See Filtering for more on slicing data and Differential views for more on comparing two time ranges to detect performance improvements or regressions.

Debug symbols
edit

Your stacktrace can be:

  • symbolized, showing the full source code’s filename and line number
  • partially symbolized
  • not symbolized

In the following screenshot, you can see that unsymbolized frames do not show a filename and line number, but a hexadecimal number such as 0x80d2f4 or <unsymbolized>.

Adding symbols for unsymbolized frames is currently a manual operation. See Add symbols for native frames.

profiling stacktraces unsymbolized
Stacktraces
edit

The stacktraces view shows graphs of stacktraces grouped by threads, traces, hosts, deployments, and containers:

profiling stacktraces default view
Overview
edit

The different views on the stacktraces page show:

  • Threads: stacktraces grouped by the process' thread name
  • Traces: un-grouped stacktraces
  • Hosts: stacktraces grouped by machine’s hostname or IP address
  • Deployments: stacktraces grouped by deployment name set by the container orchestration (e.g. Kubernetes ReplicaSet, DaemonSet, or StatefulSet name)
  • Containers: stacktraces grouped by container name discovered by the host-agent

The stacktraces view provides valuable information that you can use to:

  • Discover which container, deployed across multiple machines, is using the most CPU.
  • Discover how much relative overhead comes from third-party software running on your machines.
  • Detect unexpected CPU spikes across threads, and drill-down into a smaller time range to investigate further with a flamegraph.

Stacktraces are grouped based on the origin of collected stacktraces. You may find an empty view in containers and deployments if your host-agent deployment is profiling systems that do not run any containers or container orchestrators. In a deployment where Universal Profiling is correctly receiving data from host-agents you should always see a graph in the threads, hosts, and traces view.

Navigating the stacktraces view
edit

Hover and click each of the stacked bar chart sections to show details. You can arrange the graph to display absolute values, or relative percentage values.

Below the top graph, there are individual graphs that show the individual trend-line for each of the items:

profiling stacktraces smaller graphs

The percentage displayed in the top-right corner of every individual graph is the relative number of occurrences of every time over the total of samples in the group.

The displayed percentage is different from the percentage of CPU usage. Universal Profiling is not meant to show absolute monitoring data. Instead, it allows for relative comparisons between software running in your infrastructure (e.g. which is the most expensive?)

The individual graphs are ordered in decreasing order, from top to bottom, left to right.

In the Traces tab, clicking Show more at the bottom of one of the individual graphs shows the full stacktrace.

profiling stacktraces show more
Flamegraphs
edit

The flamegraph view groups hierarchical data (stacktraces) into rectangles stacked onto or next to each other. The size of each rectangle represents the relative weight of a child compared to its parent.

profiling flamegraph view
Overview
edit

Flamegraphs provide immediate feedback on which parts of the software should be searched first for optimization opportunities, highlighting the hottest code paths across your entire infrastructure.
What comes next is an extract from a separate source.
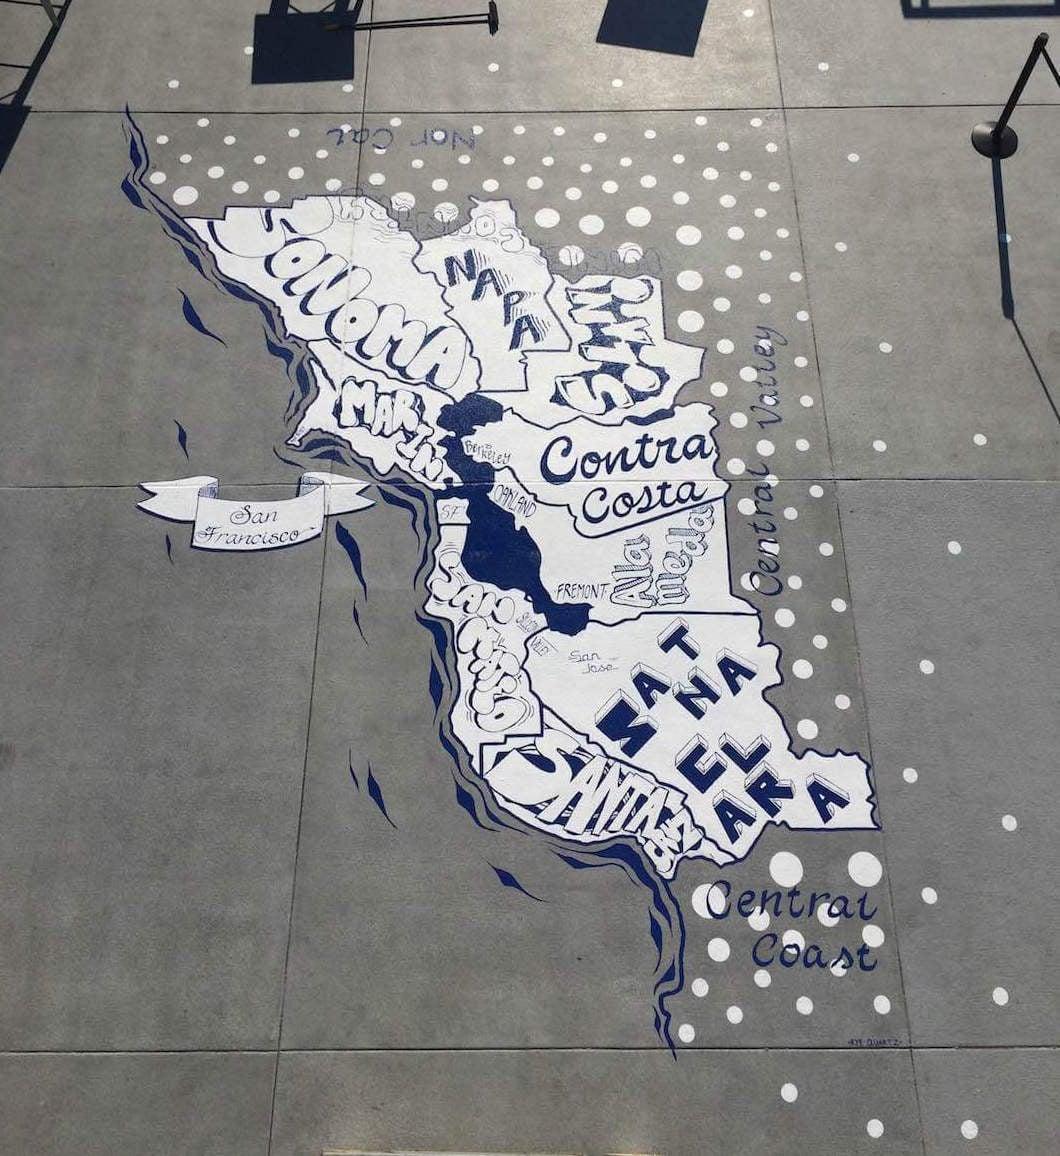 Commissioned Outdoor Mural 6 for GPJ | Levi's Stadium, Santa Clara USA, 2015

You can use flamegraphs to:

  • detect unexpected usage of system calls or native libraries linked to your own software: Universal Profiling is able to unwind stacktraces across user-space boundary into kernel-space
  • inspect the call stacks of the most CPU-intensive application, detecting hot code paths and scouting for optimization opportunities
  • find "deep" call stack, usually hinting areas where there are many indirections across classes or objects
Navigating the flamegraph view
edit

You can navigate a flamegraph on both the horizontal and vertical axes:

  • Horizontal axes: every process that is sampled has at least a rectangle under the root frame. In Universal Profiling flamegraphs, you will likely discover the existence of processes you don’t control, but that are eating a significant portion of your CPU resources.
  • Vertical axes: traversing a process' call stack allows you to identify which parts of the process are executing most frequently. This allows pinpointing functions or methods that should be negligible but are instead a big portion of your call sites.

You can drag the graph up, down, right, or left to move the visible area.

You can zoom in and out of a subset of stacktraces, by clicking on individual frames or scrolling up in the colored view.

The summary square in the bottom-left corner of the graph lets you shift the visible area of the graph. The position of the summary square in the bottom-right corner adjusts when you drag the flamegraph, and moving the summary square adjusts the visible area in the bigger panel.

Hovering your mouse over a rectangle in the flamegraph displays the frame’s details in the window. To see more frame information, click on the Show more information icon after pinning the tooltip.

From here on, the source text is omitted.